20/200 is resolvable detail of 10 minutes of arc. At 35cm, about where my laptop screen is right now, 10ma is about 1mm, which sounds small. But the dot pitch (vertical/horizontal pixel separation) on my screen is about .227mm. With my corrected acuity being around 20/15, I should be able to see details at least as small as 1ma, about .1mm apart, so I can discriminate individual pixels with my normal acuity. At 20/200, I wouldn't be able to discriminate details smaller than 4 or 5 pixels across; I would definitely not be able to read this text (whose lines are 1 pixel thick, and which tend to about 10x5 pixels HxW).

Printed text, which I like to hold pretty close to my face, at least 20cm, would still be unreadable. I'd have to hold it much closer, where the shadow of my head would start to get in the way.

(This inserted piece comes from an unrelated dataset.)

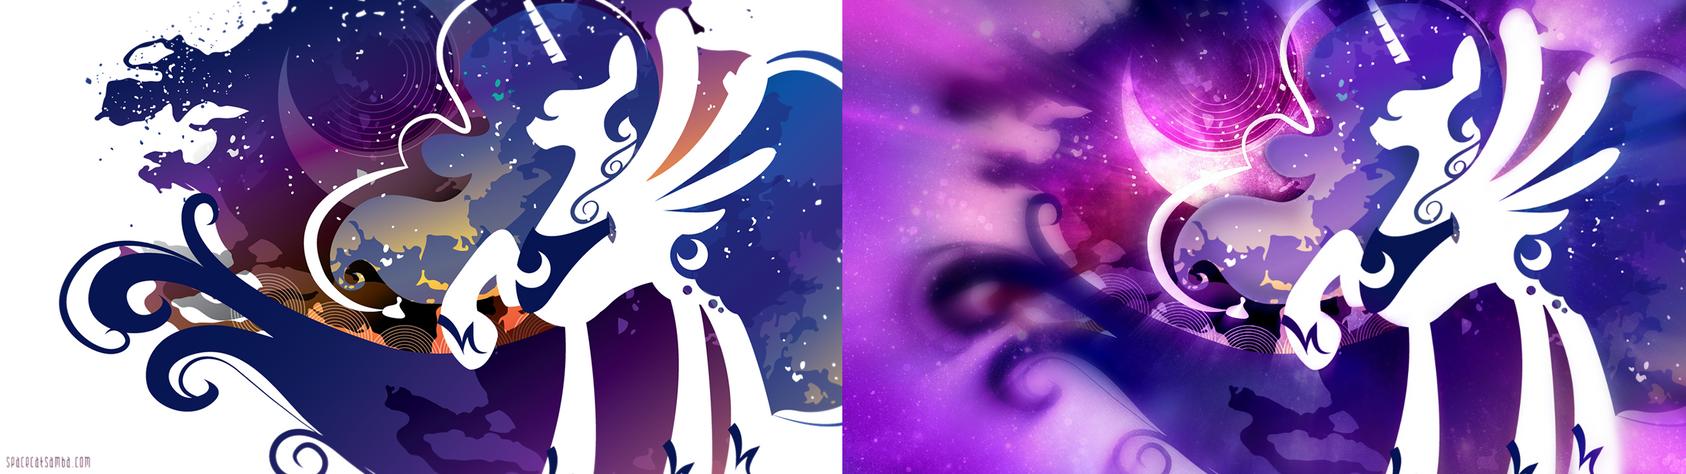 Princess Luna Light Silhouette Wall Edited by ConnieTheCasanova

I'd need large print. I wouldn't be able to read music. I'm wondering how much acuity you need to do the classic threading of a needle (I haven't even started to wonder about depth perception - I noticed that it was off for the first few days, but I seem to have adapted pretty well, and I'm not afraid to cross the street as I was at the start), or to slice meat and vegetables without slicing yourself - it's not the same as reading, since you're looking for centroids for those things, but I wouldn't really want to try...

Not that I'm going to try, but I could: visual acuity at about 20 degrees eccentricity is close to 20/200. There you have to contend with crowding, though, so you're effectively worse off.

So 20/200 isn't disabling, but it does prevent you from accessing all sorts of primate-relevant stuff. Faces, reading, music, fine finger-based activities. It's been interesting, but I'm just about ready for my new pair of ($10!!) glasses to arrive.

Tuesday, July 24, 2012

height and a black belt

two posts in a day, this is bad.

just been meaning to write this down: saturday afternoon I leave the apt to go to tkd, walking down the sidewalk, take off my glasses to blow off some dust, then go to put them back on, and they snap in half. so my glasses broke.

i go to tkd, not wearing glasses, and not really able to precisely recognize faces beyond a couple of meters. in the distance i see a woman practicing something, a black belt, with mid-length black hair pulled back in a ponytail. at first i think, that's j*, just i guess because her style and general characteristics seemed right. but then i thought, no, that's not her, she's too small. i got a little closer, and yes, this woman was too small to be j* - a couple of inches shorter than me. a little closer and, then, yes - it was indeed j*.

i felt certain that j* was taller than me - if you had asked me before how tall i thought j* was, i would have guessed, oh, maybe 6' or so, she's a real amazon. apparently she's closer to 5'8". taller than the average woman, and still an amazon, okay, but not what i thought. in my mind, i guess, her high status (at tkd) had me convinced that she was actually larger than in reality. i've noticed this effect before (it's been studied for a long time, and probably known forever), but never in a context like this: certain that a person had a relatively unusual trait (woman taller than me), and then unable to recognize her because i don't see the trait, when it was never there in the first place.

"she's actual size, but she seems much bigger to me"

Friday, July 20, 2012

update

that last entry was kind of embarrassing. guess it's worthwhile to keep a record of peaks in frustration.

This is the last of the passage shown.